One thing that companies should consider when creating consent options is the use of dark patterns. These carefully designed user interfaces can be designed to either enlighten or confuse a user. Examples of this are confusing language that contains double negatives, e.g. B. “Don’t sell my personal information” and the appearance that the user does not need to submit or disclose essential information in order to continue using a product or access a website. Businesses should use what they have learned about dark patterns and user behavior to help consumers understand what they are okay with. This will build better relationships with your customers in the long term.

Stop signs: what happens if a consumer disagrees?
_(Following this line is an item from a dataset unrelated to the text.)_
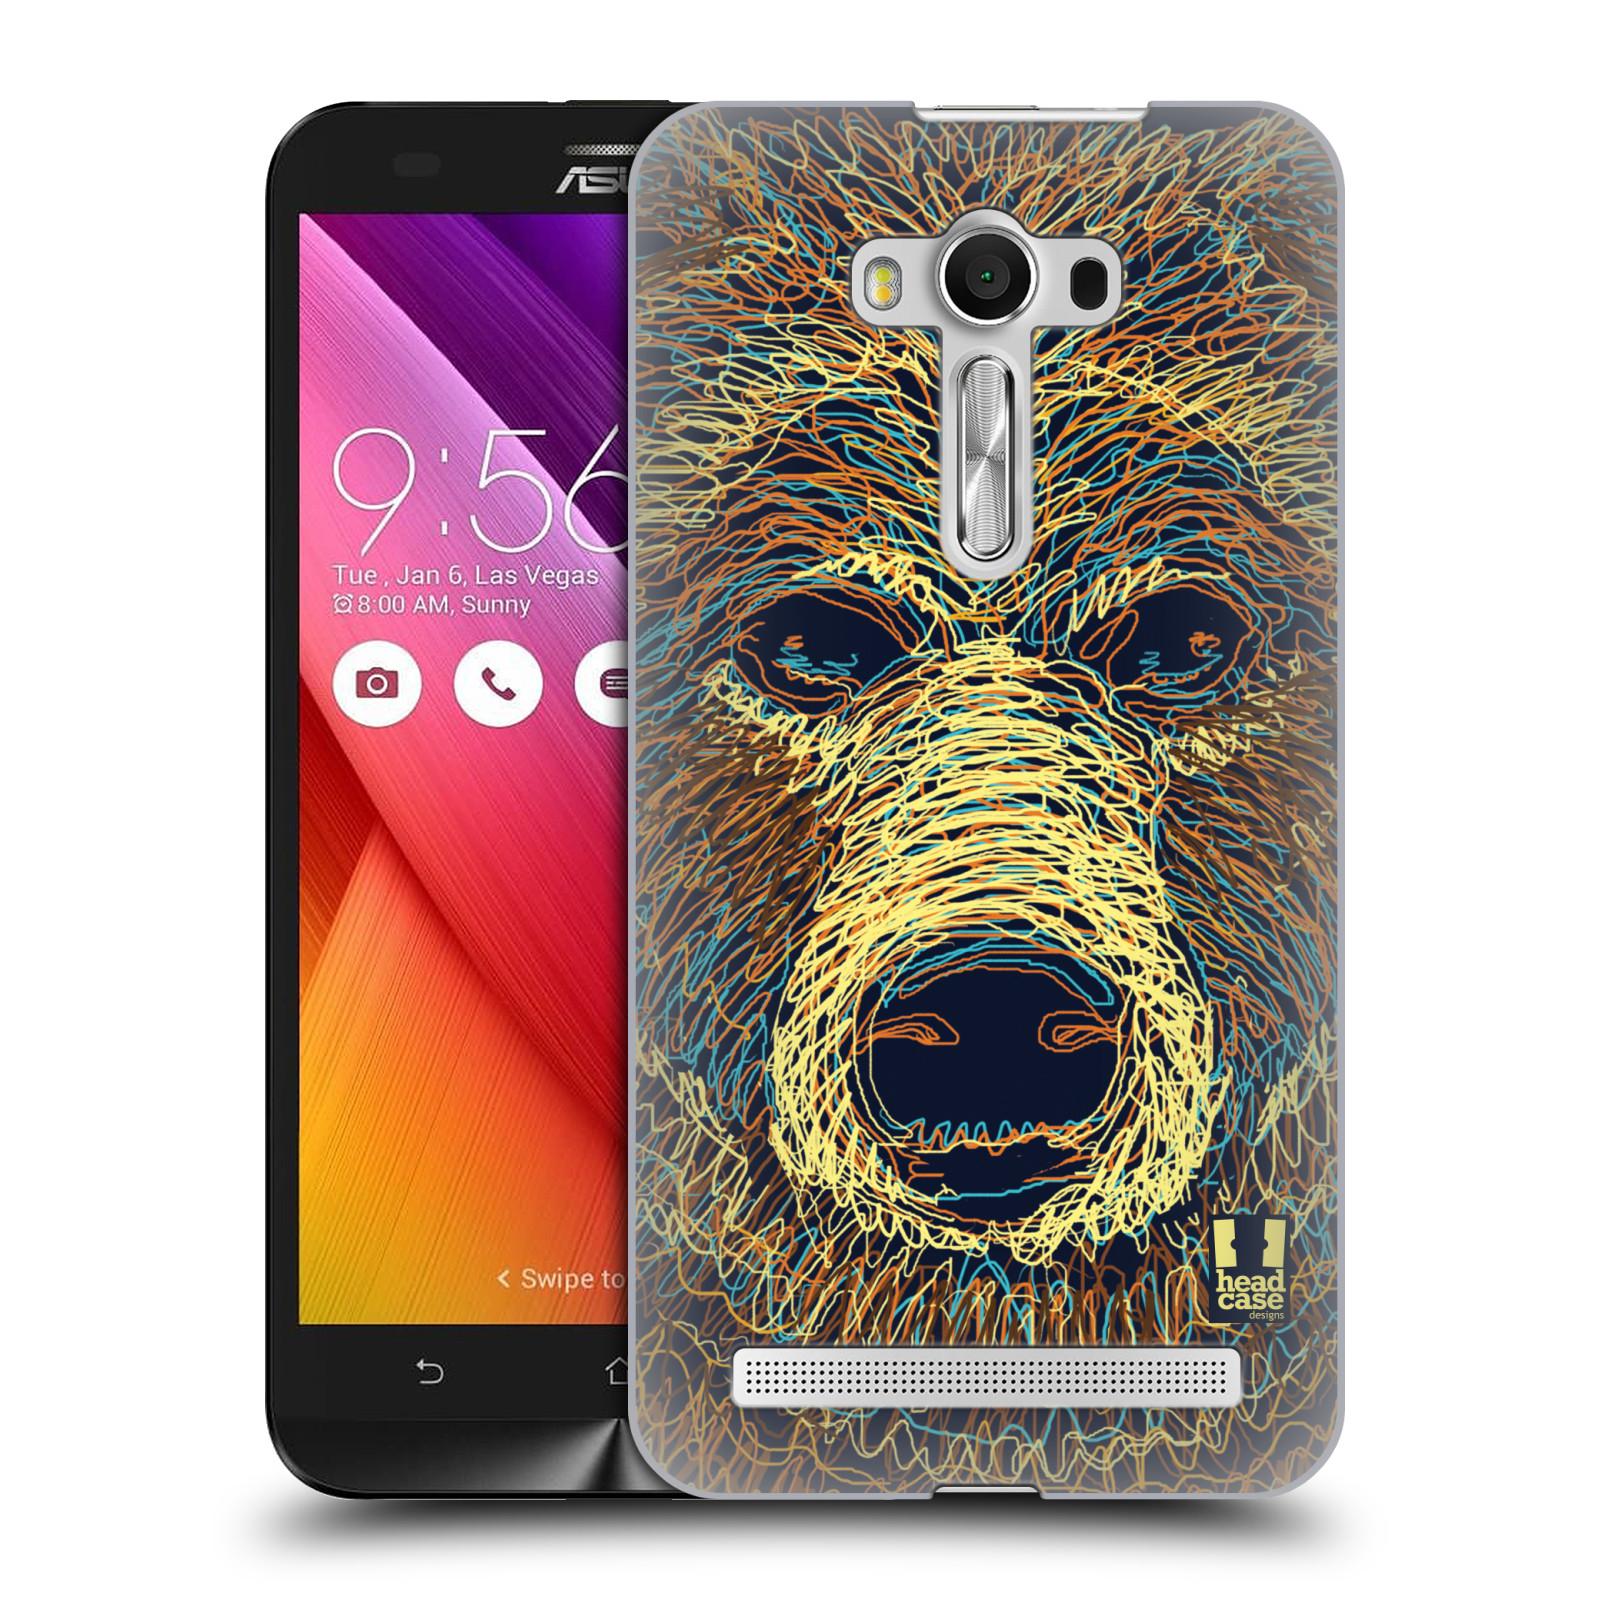 HEAD CASE plastový obal na mobil Asus Zenfone 2 LASER (5,5 displej ZE550KL) vzor zvíře čmáranice medvěd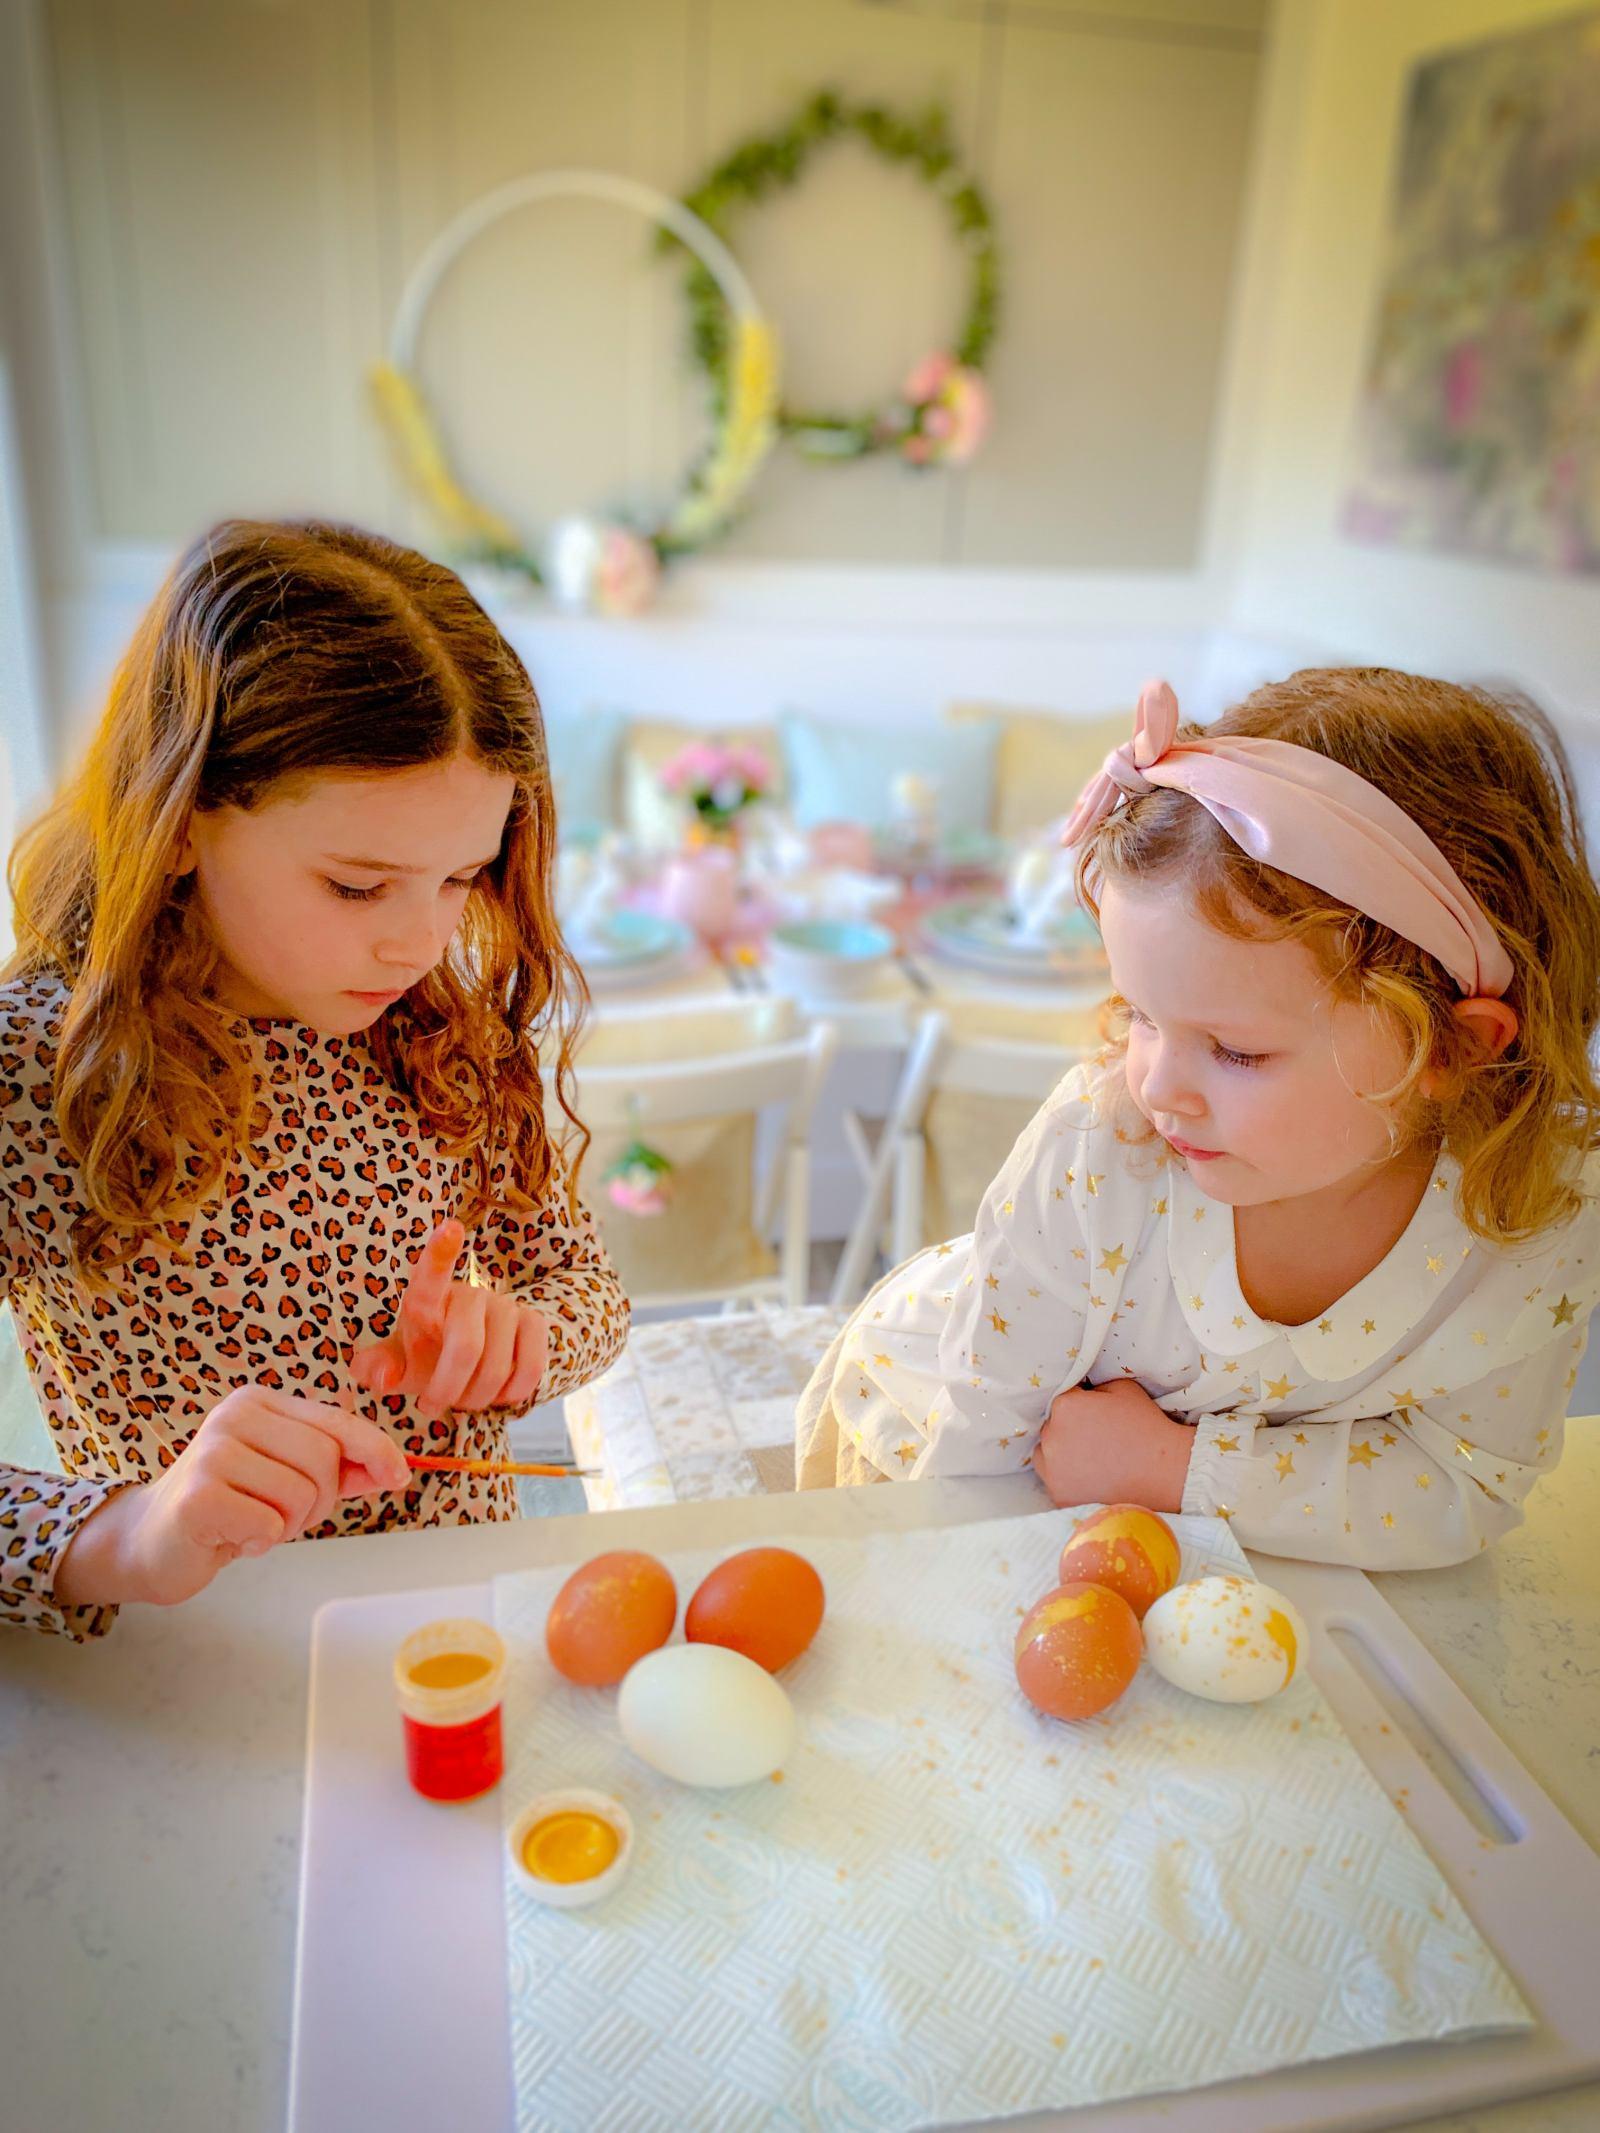 DIY gold speckled eggs

Change is always scary and can feel restrictive. Consumers fear the use of their data and lack of control over where it is sent. Organizations fear that less access to data will have a negative impact on their bottom line. For too long, companies have taken consumer data for granted and relied on the way things are always done. But just because a consumer signs out doesn’t mean you’ve hit a stop sign – just turn right!

User consent can wake businesses that still believe consumer privacy is at the other end of the innovation pendulum. Now is the time to rethink your digital ad strategy and rethink how you can connect with customers in a privacy-conscious way, or take the risk of losing all together.

Watch out for speed bumps! Compliance with data protection laws

Once the road rules are in place, it is important to keep an eye on the road and watch out for any unexpected obstacles. In the absence of (current) federal consumer privacy legislation, many states have enacted their own laws, including the California CPRA and the Virginia VCDPA. More states are expected to pass their own bills this year, and companies need to watch out for ever-changing regulations – especially companies that operate in many different states and jurisdictions.

The data protection landscape is constantly changing. It is important for companies of all sizes and their attorneys to keep abreast of new regulations, the evolution of big technologies, and consumer demand.

Beth Magnuson, CIPP / USA, CIPP / E, joined Practical Law from Oracle, where she was a legal advisor responsible for privacy and security issues. Her previous positions at Oracle (formerly Sun Microsystems) focused on trademark and copyright issues. Previously, she was Special Counsel to Faegre & Benson, General Counsel of Pumpkin Masters, a seasonal products company, and Intellectual Property Associate at Finnegan, Henderson, Farabow, Garrett & Dunner and Welsh & Katz (now Husch Blackwell).